One of the most fascinating questions in cell biology today is how the cell coordinates the many events regulating nuclear division. Intensive research has been directed toward identifying molecules participating in this process in many different organisms, especially because an extraordinary degree of structural and functional conservation across evolution of the signaling molecules is involved. This is most dramatically demonstrated by the finding that molecules found in humans can perform the same functions in yeast! Thus, the study of mitosis and cell division in various species promises to help elucidate general principles governing cell division that apply to humans as well.

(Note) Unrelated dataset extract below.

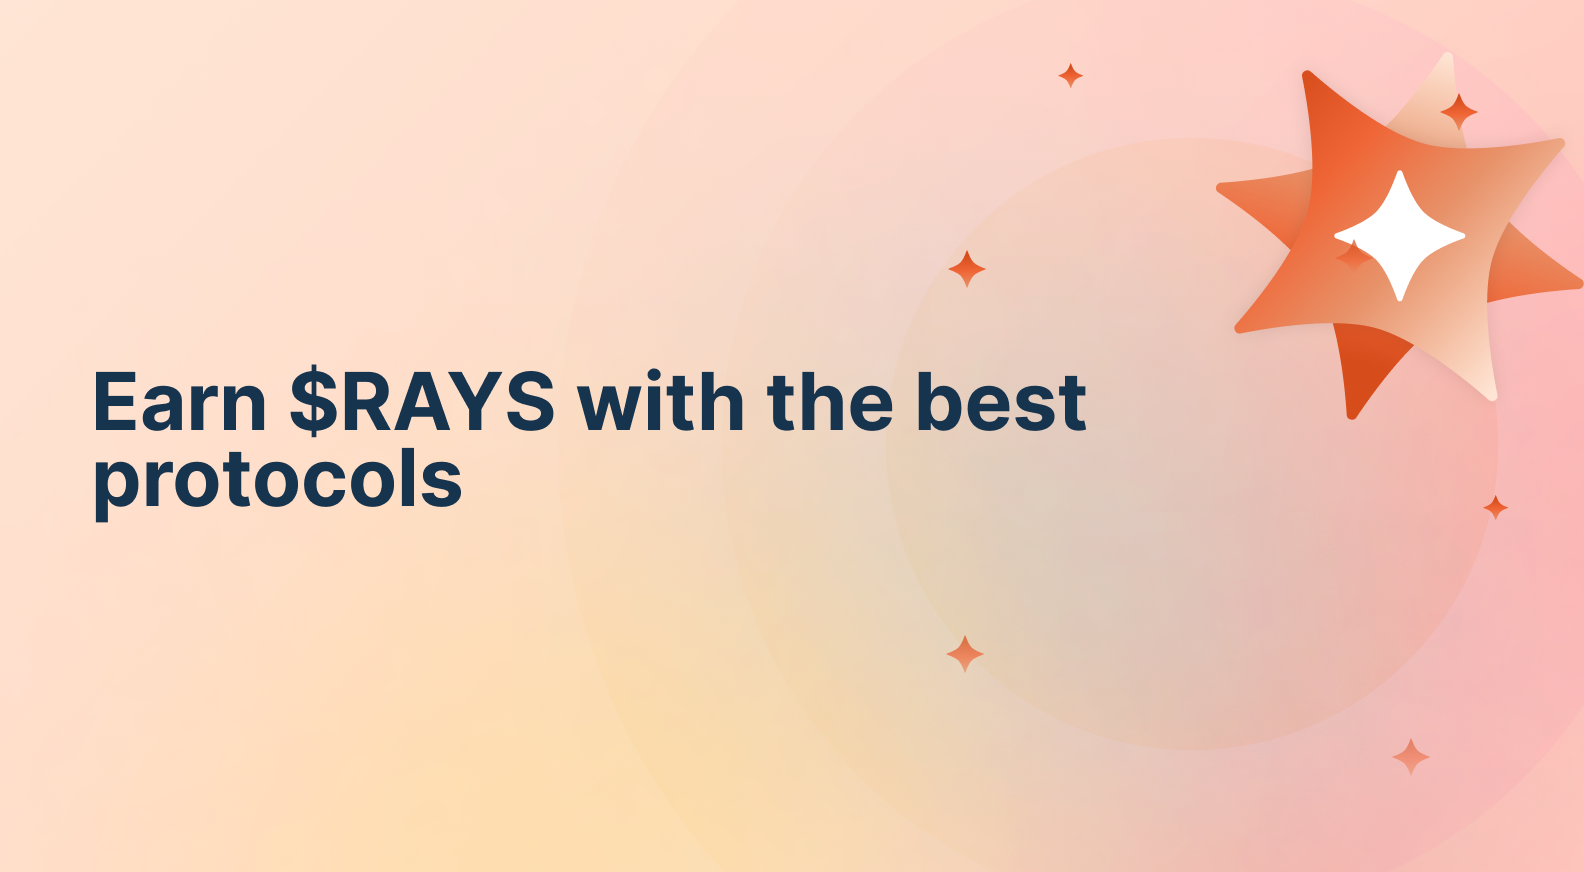 The simplest way to earn $RAYS with the best protocols

We are using the fruit fly, Drosophila melanogaster, to investigate molecules involved in regulating nuclear division. We have identified a protein (2A) that shows a dynamic cell cycle-specific distribution pattern. The 2A protein localizes with the microtubule spindle fibers at metaphase and to the chromatin and/or nuclear matrix at interphase. Consequently, Cherice Conley, John Fillman, Pallavi Kumar, Andrea Silvers, and I have been working to determine the full-length sequence of this new protein and to ascertain its function in the cell cycle. Ultimately we want to understand the role this protein plays in nuclear division. David Robinson has been working on establishing embryo microinjection techniques in the laboratory, and Phil Irwin will be injecting antibody into embryos to determine whether he can block protein function, and if so, what effect this has on nuclear division. In addition, we will be generating mutations in this and other genes, and analyzing the resulting phenotypes. Working toward this goal, Ife Fadeyi has been immunostaining a previously described mutant that undergoes subsequent rounds of DNA synthesis without intervening chromosomal divisions, resulting in one or two "giant" nuclei.

Visualizing the 2A protein pattern in such embryos may clarify the protein's function. One of the powerful advantages to the Drosophila model system is that, once we have obtained a mutation in our gene, we can use genetic screens to identify other components in the pathway that may also be involved in controlling nuclear division. This promises to enhance our basic understanding about how growth control and cell division are regulated, which ultimately may prove helpful in understanding and treating human cancers.